PS In reazione a quanto scritto qui oggi Renato Farina mi ha mandato due Whatsapp di grande importanza, proprio nel senso dell’intenzione di quanto avevo scritto. 1. „Ricordo molto bene il tempo delle Malvinas. Ricordo che fu Francesco Ricci con Buttiglione e Methol Ferrè a farci scegliere pro Malvinas. Io feci un titolo memorabile. “Falklands, anzi Malvinas” (Editoriale de „Il Sabato“)!

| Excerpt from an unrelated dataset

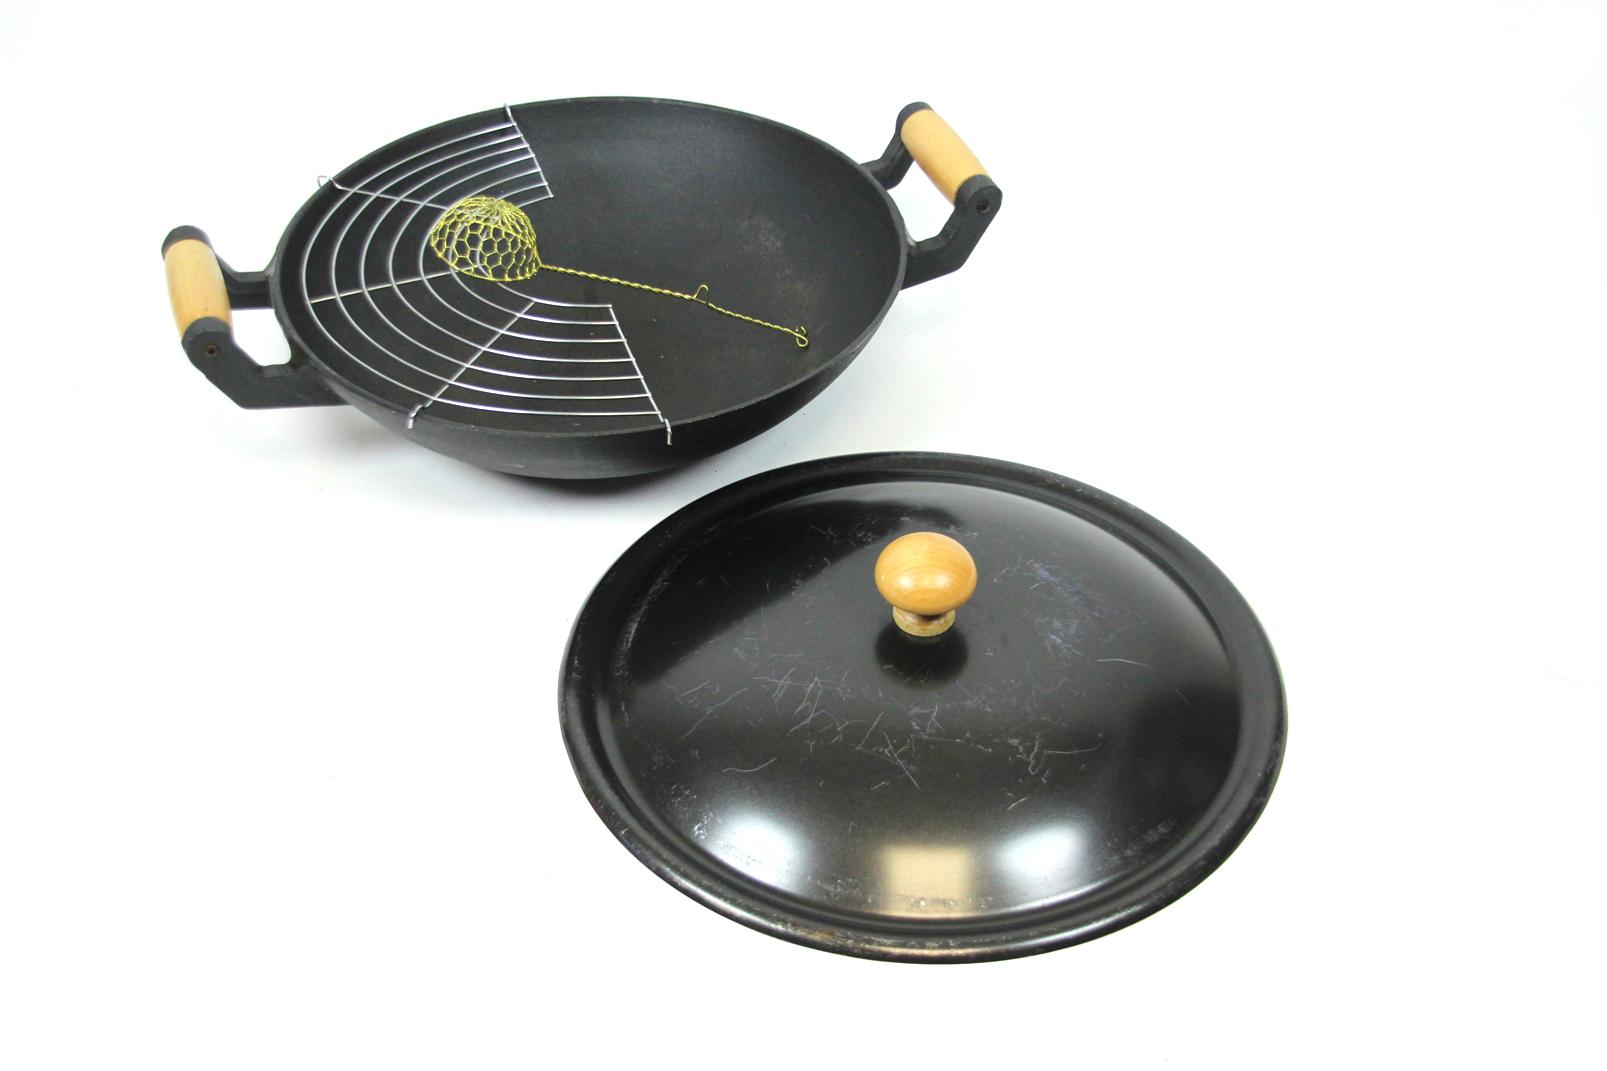 wok pfanne gusseisen schwarz mit deckel rost 36 cm holz griffe wokpfanne guss ebay. Black Bedroom Furniture Sets. Home Design Ideas
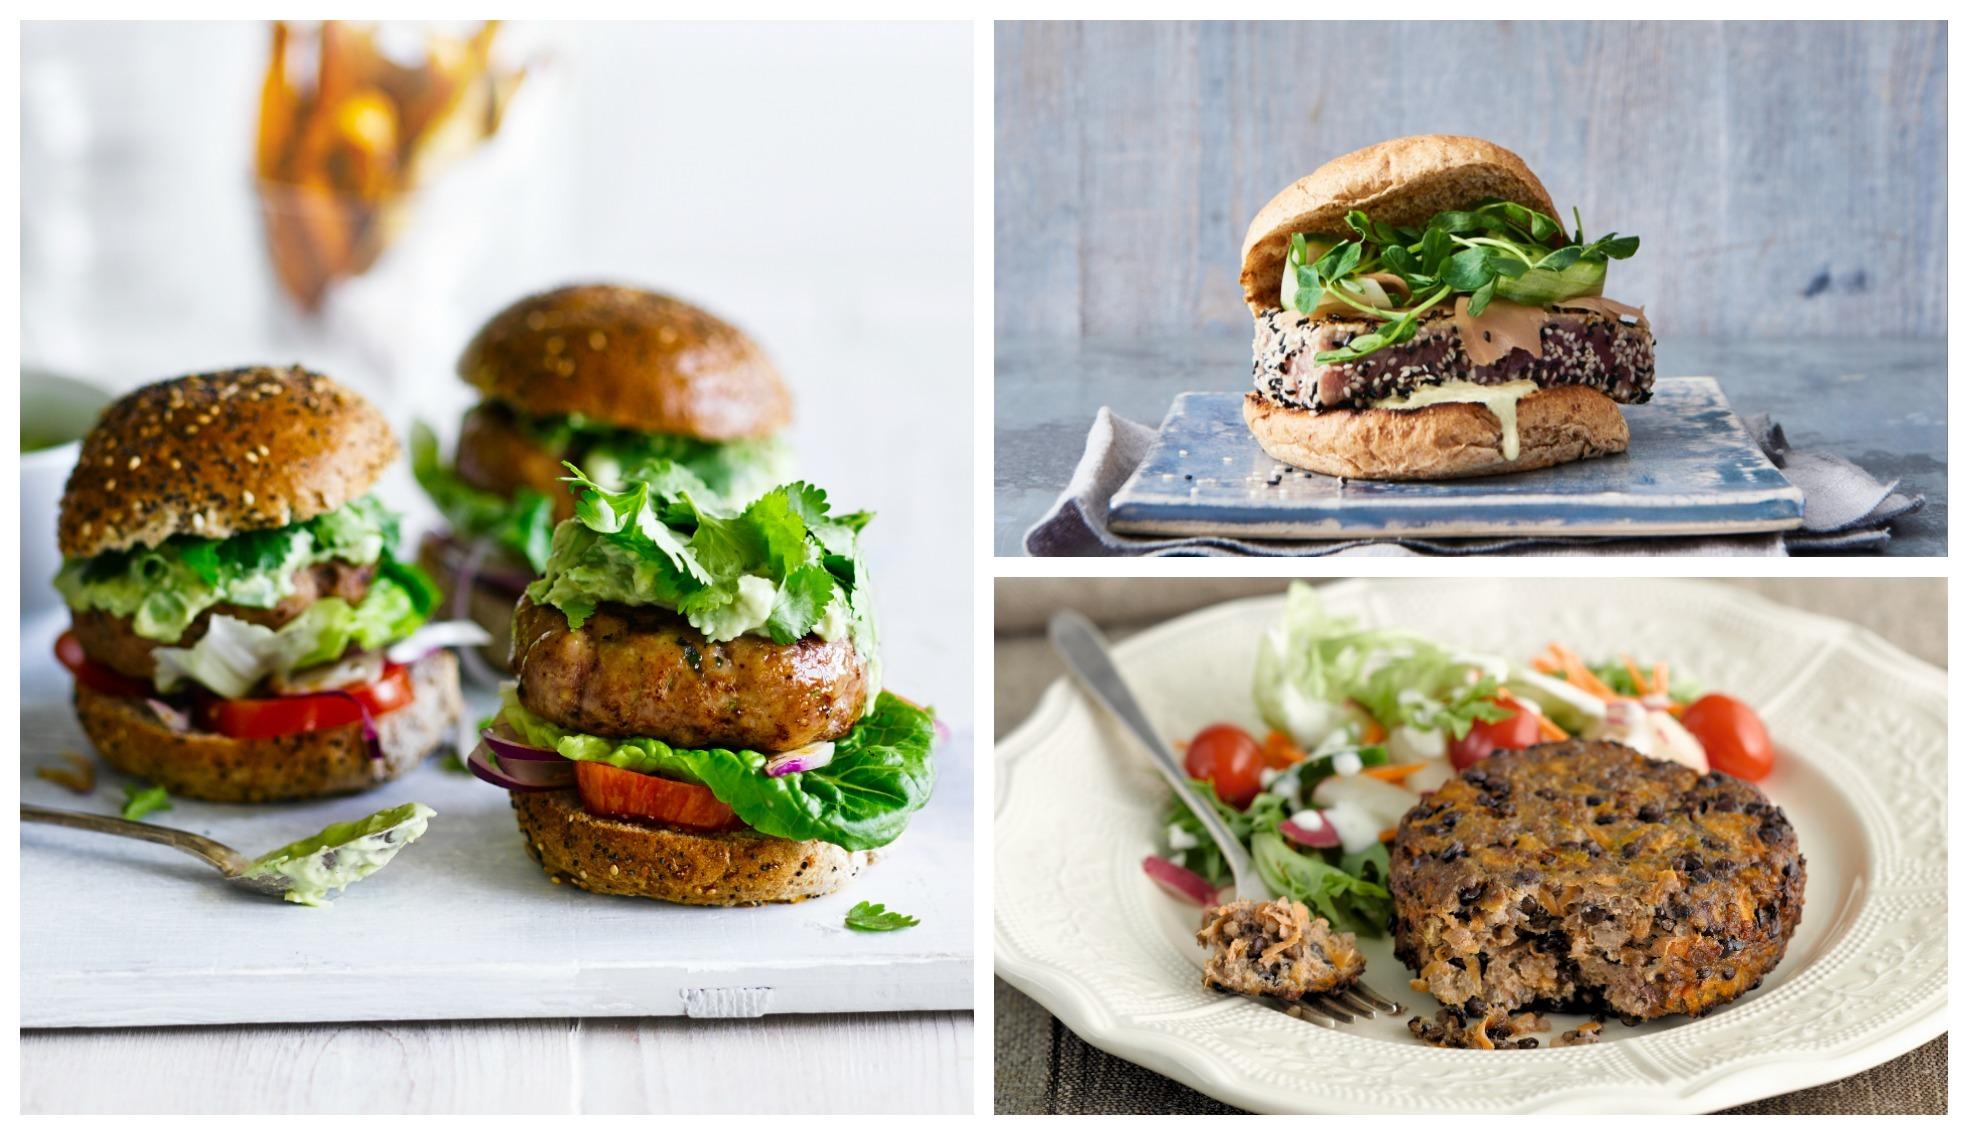 Burger recipes, courtesy of Waitrose

Il Papa temeva - lo so! - che gli inglesi tirassero missili nucleari di cui le loro navi erano armate!“. 2. „Si, ho scritto la verità - e ti dico anche che le mie fonti sul timore di S GPII sull’armamento nucleare britannico e sulla attendibilità di questa minaccia furono due - la prima di un sacerdote di cui non rivelo il nome e frequentava il Santo Padre; la seconda fu Joseph Vandrisse, padre bianco, compianto e autorevole vaticanista del Figaro, vicinissimo al Papa. Mi disse anche che personalmente temeva che il decisivo intervento del Papa, tramite il cardinale Samorè, per scongiurare la guerra considerata inevitabile tra Argentina e Cile, lo avesse esposto e tuttora lo facesse oggetto di gravi minacce da parte dell’industria bellica“. Grazie a Renato per il permesso di pubblicare queste righe. 

(26.5.23 - San Filippo Neri) Per quanto riguarda il capitolo „Ai piedi della Cordigliera delle Ande. Settembre 1981, vorrei commentare solo alcuni punti e persone. Io stesso nel settembre del 1981 ero di nuovo in Italia e cominciavo lo studio di filosofia all’università di Torino. Nell’estate ero stato a Münster, nel monastero dei cappuccini, tramite un padre cappuccino, Padre Osmund, se mi ricordo bene, che aveva conosciuto anni addietro padre Felice di Santa Maria del Tempio, che era nella parrocchia, a cui facevano riferimento i miei nonni. Io vivevo a Torino e non partecipavo più alla vita della Chiesa, ma il padre Felice, che era tra l’altro innamorato dei „Promessi sposi“ di Manzoni, mi permise di andare a Münster. A Münster, sebbene fossi all’inizio della mia fase utopica, andavo ogni giorno alla Santa Messa nel duomo di Münster, celebrata da padre Osmund, che era il confessore del duomo e specialista dell’AT, perché celebrava in modo molto chiaro e mi permetteva di imparare il tedesco. Un padre di Schönstatt, si accorse di ciò e mi accostò nella mensa, dialogando si stupì che andassi alla Santa Messa, sebbene non credessi più in Dio. 

Ritengo sia un tema molto importante „il fenomeno del distacco degli intellettuali dal popolo“ (Nota 3, 96). Anche se io sono come atteggiamento interiore molto filosofico, per natura e per storia, il mio lavoro nella scuola, liceo e scuola secondaria, mi ha sempre permesso di non perdere il contatto con i giovani e con il popolo. 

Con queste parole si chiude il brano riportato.